The pandemic had a ripple effect. “People came here to live in their second homes, so they took properties off the market,” Malek said. “Many homes were rented at premium prices during 2020; as people could work from home and attend school from home, they lengthened their stays even in short term rentals. Some people stayed for months in places that were typically weekend rentals. There were fewer people able to list their homes, because of the virus and the inability to move to other locations.”
Home inventory continues to be relatively small. So what happens when you’re looking for a house in a particular area and just can’t find what you want?
You start from the ground up.
“Land is selling well—that’s what happens in a hot market,” Cole noted, “and now land inventory is relatively small.”
For some homeowners, however, the hot market reignited dormant ideas to sell.
“Some of the listings that were sitting on the shelf, this year was the time to dust them off and get rid of them,” said Callicoon Real Estate broker/owner Rosie DeCristofaro. “People are willing to part with a lot more money than we had ever seen before. I’ve sold properties for a half-million dollars that, a year and a half ago, I’d had doubts we could get $275,000 for them.”
That doesn’t mean buyers are snapping up any old house, DeCristofaro stressed. “The millennial crowd has certain tastes, and that taste comes with a price tag. I have two millennials at home who think I live in a cluttered home. Their taste runs to: No cabinets in the kitchen, just shelving… and meanwhile I’m thinking, aren’t those dishes going to get dusty?”
Another important factor is one that’s on the federal agenda as much as it is the local one: Rural broadband.
“High-speed internet is almost a given, like any other utility such as sewer and water,” Cole said. “People need internet now so kids can attend school, but they also need it to shop and do their banking online.”
“With what we have up here, the distance from the city and the distance between homes, the pandemic made people realize and made employers realize: why rent floors and floors of office space when everyone can just work from home?” DeCristofaro said. “We need to work harder to get broadband to the rural areas. Clients need the ability to work and go to school from home.”
And what should potential buyers do?
“Some of the first-time buyers who are being priced out of the market and do not need to move now might be better off waiting,” Malek said. “We know that foreclosures will enter the marketplace again and therefore there will be more competition that may force prices to come down. Interest rates are expected to go up too eventually, so that should also have an impact.”
So what does the future hold? Brokers are hesitant to predict.
“It seems like it may be evening out, as far as a buyers’ or sellers’ market, but that can change at any moment with what is going on,” Romano said.

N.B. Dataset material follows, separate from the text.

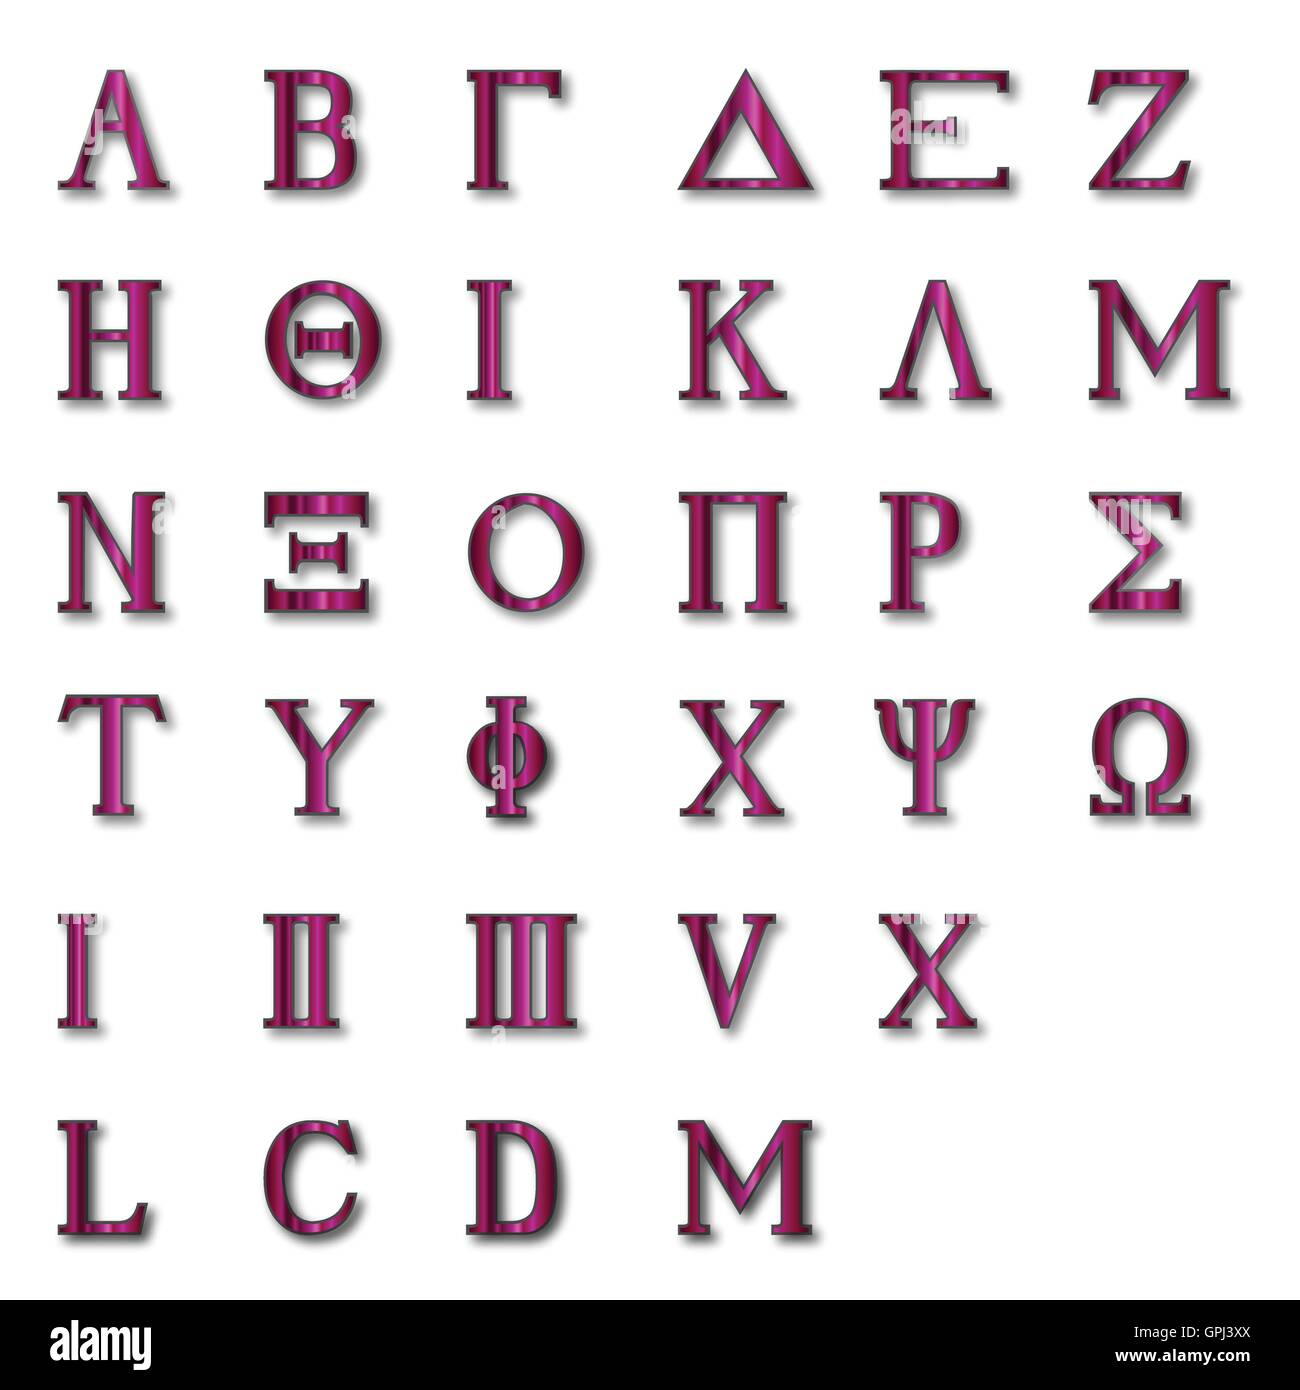 Dernière Lettre De L Alphabet Grec

“It’s as hot today as it was last year; not everybody bought houses last year,” Jagel said. “Now, this pandemic is amping up again. There’s no springtime market—we live in a resort area. We are full-time continually working.”
Will the market correct itself, and will prices stabilize? Definitely, said the agents.
“Based on my experience, there’s always going to be a correction,” Cole said. “Anytime you have this unbridled growth, it inevitably leads to a correction.”
“It remains a strong market now, and prices have increased, so we are suggesting that if you want to sell your home, now is a great time—the interest rates are still low and people have money,” Malek said. “The buyers are a little pickier now than they were in 2020, and they can be as more things come to the market. There is not that ‘frenzy’ or ‘fear factor’ anymore, but people still want a place in the country.”
“Although I believe this is a paradigm shift, not a bubble, I think there will be a correction,” DeCristofaro concluded. “But overall, the Catskills have made a comeback.”